[squeak-dev] [Pharo-dev] Why do we have SmallDictionary?

Max Leske maxleske at gmail.com
Sat Jun 16 18:49:27 UTC 2018

On 8 Jun 2018, at 09:48, Stéphane Rollandin wrote:

> FWIW it seems there is no SmallDictionary in Squeak.

Oh... Thanks Stéf, I wasn't aware of that.

On 8 June 2018, at 15:13, John Brant wrote:

>>> Is anyone aware of a reason for hanging on to SmallDictionary? I'm 
>>> also curious to know how SmallDictionary came to be. There must have 
>>> been some advantage over Dictionary at some point in the past.
>> It came from RB… the idea was that there are (in the Refactoring 
>> engine) a lot of very small dictionaries with <10 elements.
>> The idea is that for such dictionaries, the overhead of hashing was 
>> higher than just linear search.
> I created its ancestor in VW some 20+ years ago (as 
> RBSmallDictionary).
> It was used when doing pattern matching. When it performs a pattern
> match against an AST, it puts the potential value of the pattern
> variable in the dictionary. If the value is used later in the pattern,
> then we can get the previous value and make sure that we have an
> equivalent AST. This allows you to write patterns like:
> 	`@a = `@a
> to find where someone has the same expression on both sides of the #=
> message. Since most patterns have very few pattern variables, these
> dictionaries won't hold many entries. Furthermore, we are likely to
> abort the match when we have 0 entries.
> The original RBSmallDictionary had an #empty method that "emptied" the
> dictionary without actually removing any elements -- it just set the
> size to 0. In a general dictionary this would lead to memory leaks 
> since
> the previous values are still held by the dictionary. However, these
> dictionaries were only used during the matching process and went away
> after the process completed.
> Anyway, at the time when we converted our pattern matching code from
> using the VW parser with our pattern matching extensions to use the 
> new
> RB parser with pattern matching, the time to run Smalllint on the 
> image
> was cut in half even though our parser was quite a bit slower than the
> VW parser. I don't remember everything that was done, but I think that
> most of the speedup came from having special pattern AST nodes and the
> small dictionary.
> John Brant

Very interesting! Thanks John!

As Marcus has mentioned before in this thread, it would make a lot of 
sense to run benchmarks again. Actually, I think it would be nice to 
have a benchmark suite for these cases, that would let us monitor the 
performance and ensure that changes to the codebase don't have a 
deteriorative effect. I'm not saying that it would be easy to make this 
happen, writing proper benchmarks is hard (for me especially, as it 
seems, given my utter failure to think of the edge cases before starting 
this thread). Such a suite might also prevent these sorts of questions 
on the mailing list in the future, or at least might make it easier to 
answer them.

On 8 June 2018, at 13:01, Andres Valloud wrote:

> In addition, open addressing with linear probing has superior cache 
> line read behavior (no indirection / random traversal, and if the 
> first probe misses the second one was likely cached by the first one).

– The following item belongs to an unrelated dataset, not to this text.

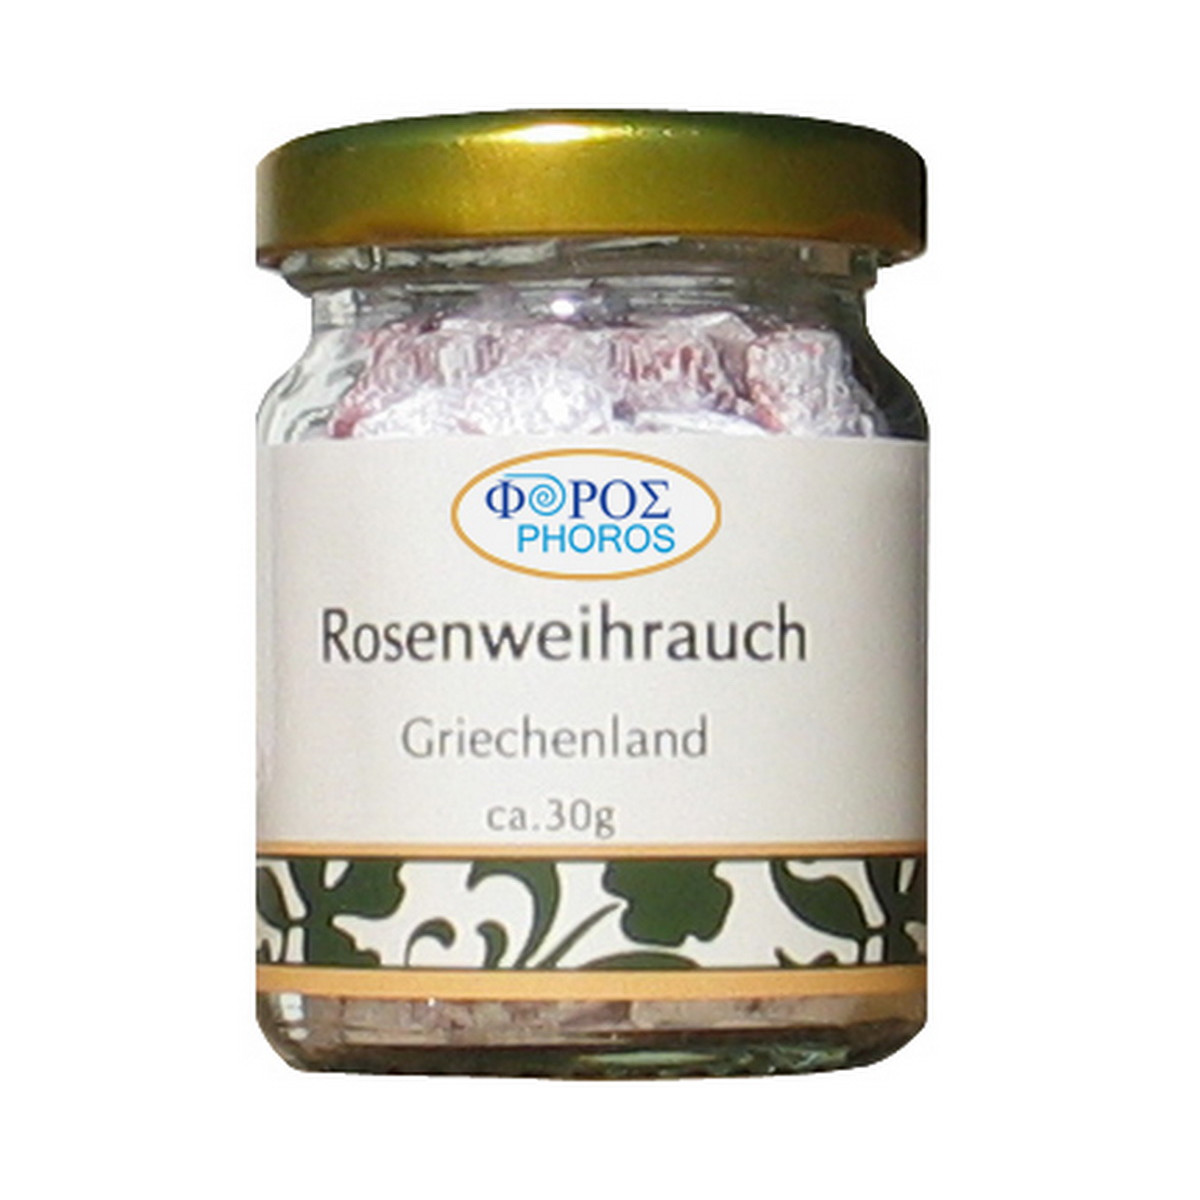 Rosenweihrauch - Phoros Räucherharz

Ah, nice catch! Although that would require frequent access to the 
dictionary / repeated access to the same items to have an effect, 
wouldn't it?

On 8 Jun 2018, at 10:01, Clément Bera wrote:

> Hi Max,
> Theoretically, for a small number of elements, usually somewhere 
> between 3
> and 30 depending on implementations, a linear search is faster than a 
> hash
> search, especially in the Pharo dictionary hash search implementation.
> Efficient dictionary implementations are usually bucket-based. The
> dictionary holds a certain number of buckets, and based on the key 
> hash,
> the bucket where the key value is present is determined. Small buckets 
> are
> linear (arrays or linked list). Large buckets are typically balanced 
> binary
> trees (red-black trees typically). Under a certain number of elements 
> there
> is a single bucket, which means a linear search is performed, as for 
> the
> SmallDictionary. When it grows the dictionary search becomes a 
> combination
> between a hash search and a linear or tree search.
> Pharo dictionary search is first hash-based, then all the buckets are
> represented next to each other in the same arrays and a linear search 
> is
> performed there, leading to many collisions and slower search time
> (especially when the element is not found), sometimes the code 
> searches
> over multiple buckets because the dictionary is too full or there are 
> too
> many near-collisions. The memory consumption is competitive with the
> advanced implementations though (precise measurements would need to be
> made).
> Method dictionaries are represented differently to optimize the 
> look-up
> logic.
> If you want to improve things and have one dictionary implementation
> instead of two, implement or look for a bucket based dictionary and 
> put it
> in the base image instead of Dictionary. This is quite some work since
> there are many APIs to port. You can look at the Pinnochio 
> implementation,
> it's quite good but they've not implemented large buckets.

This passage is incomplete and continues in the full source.